• **TASK REQUIREMENTS**
An exact copy of the data is required. No picture may appear in it.

══ DATASET SECTION ══

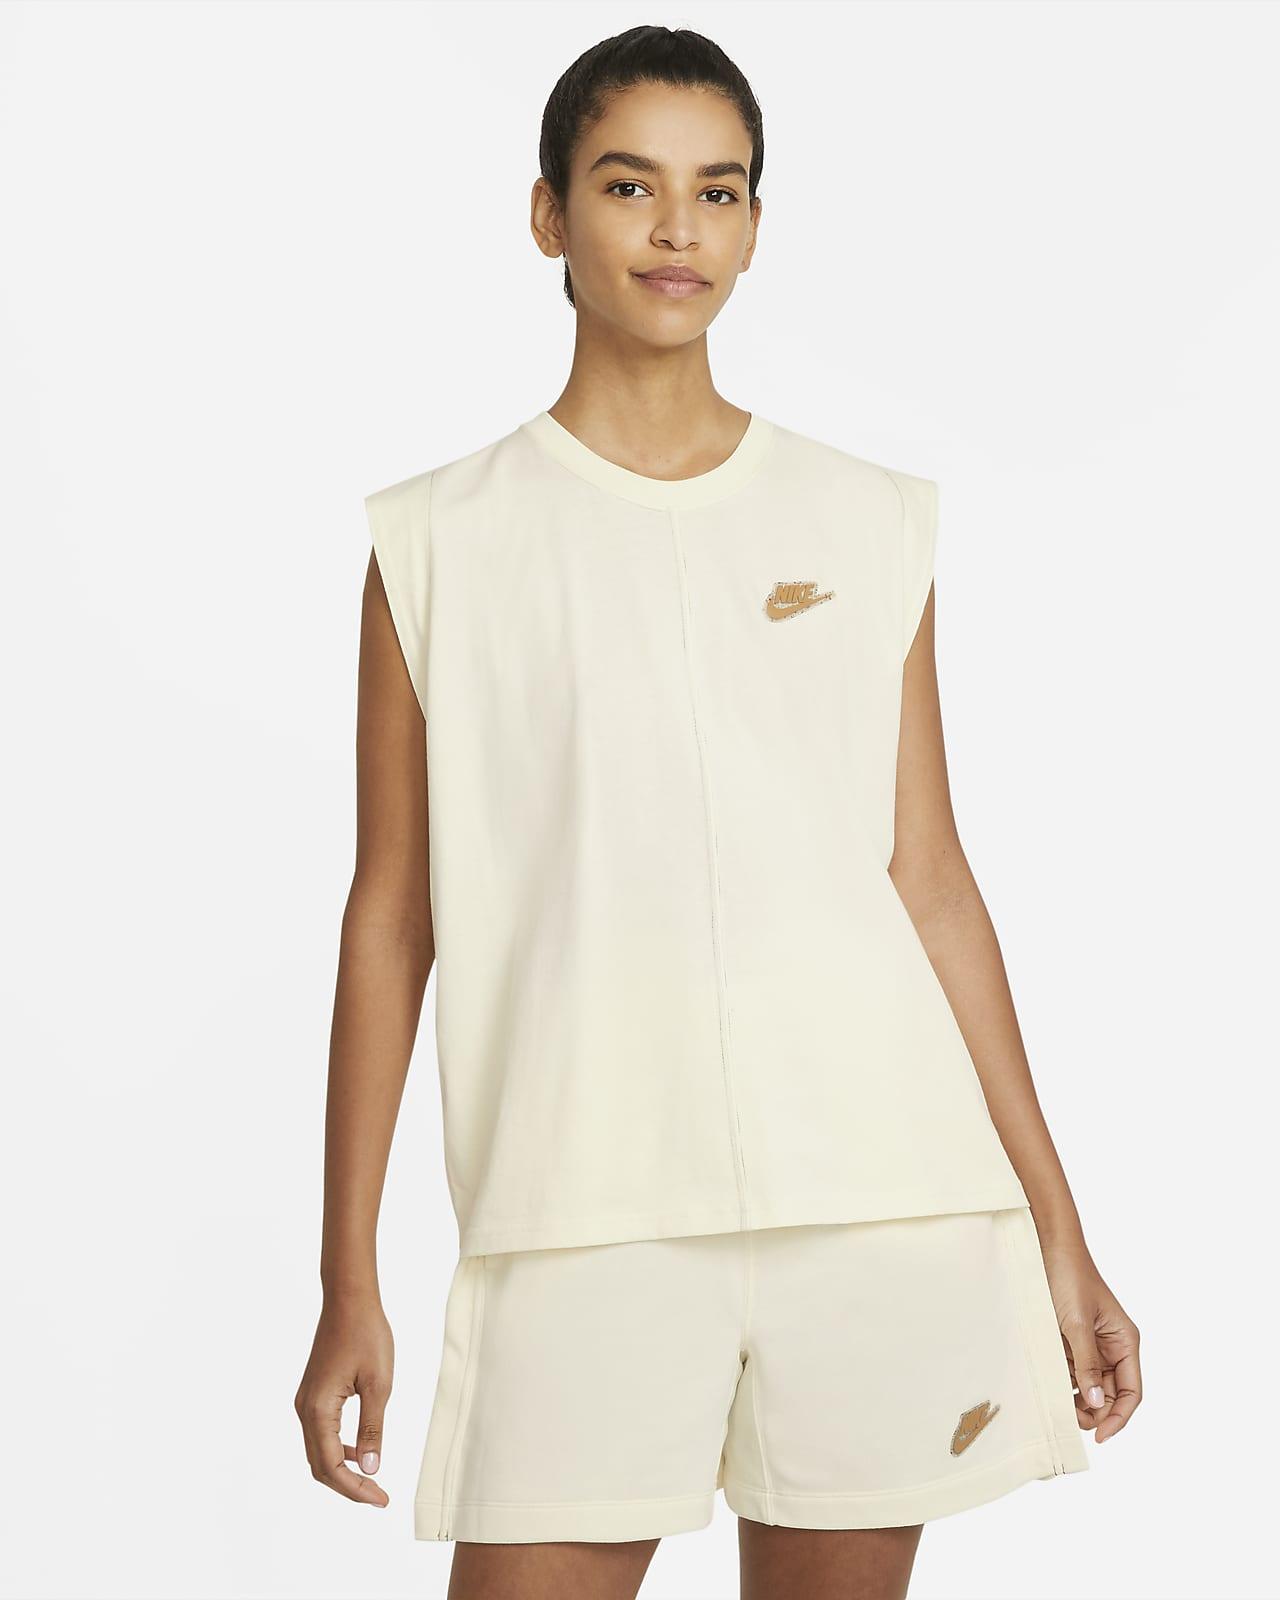 เสื้อกล้ามผู้หญิง Nike Sportswear
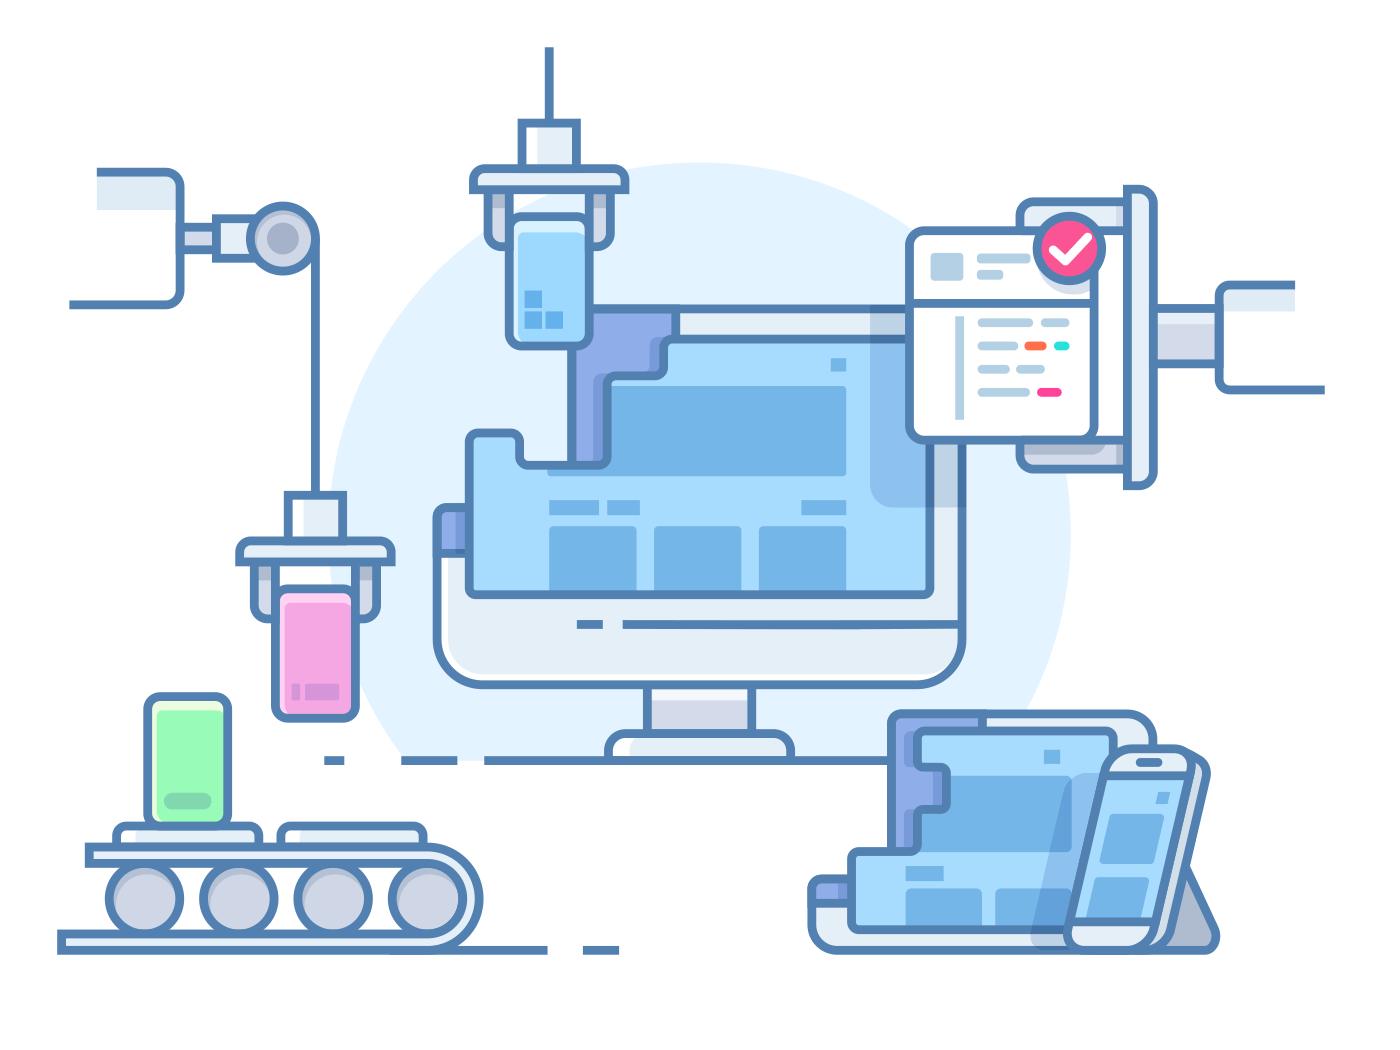 Website building design line vector illustration
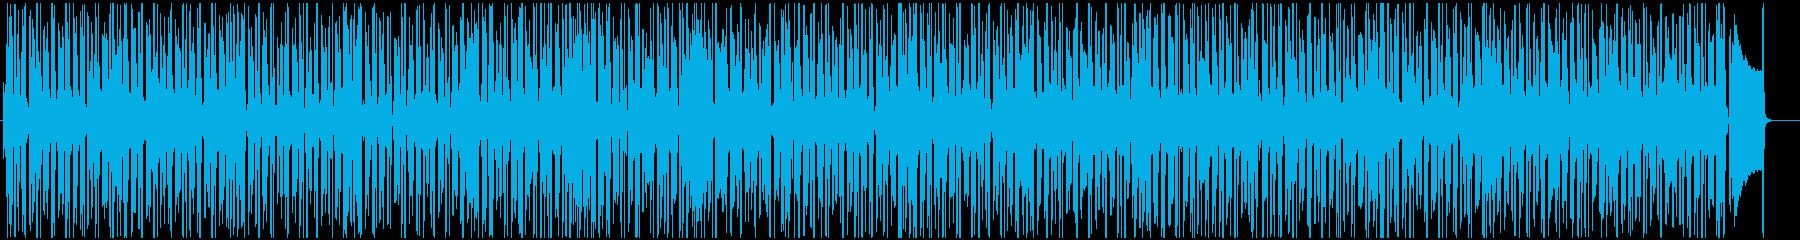 エレピとトランペットのメロウなレゲエ調☆の再生済みの波形

═══

• **EXPECTED OUTPUT**
 เสื้อกล้ามผู้หญิง Nike Sportswear
 Website building design line vector illustration
 エレピとトランペットのメロウなレゲエ調☆の再生済みの波形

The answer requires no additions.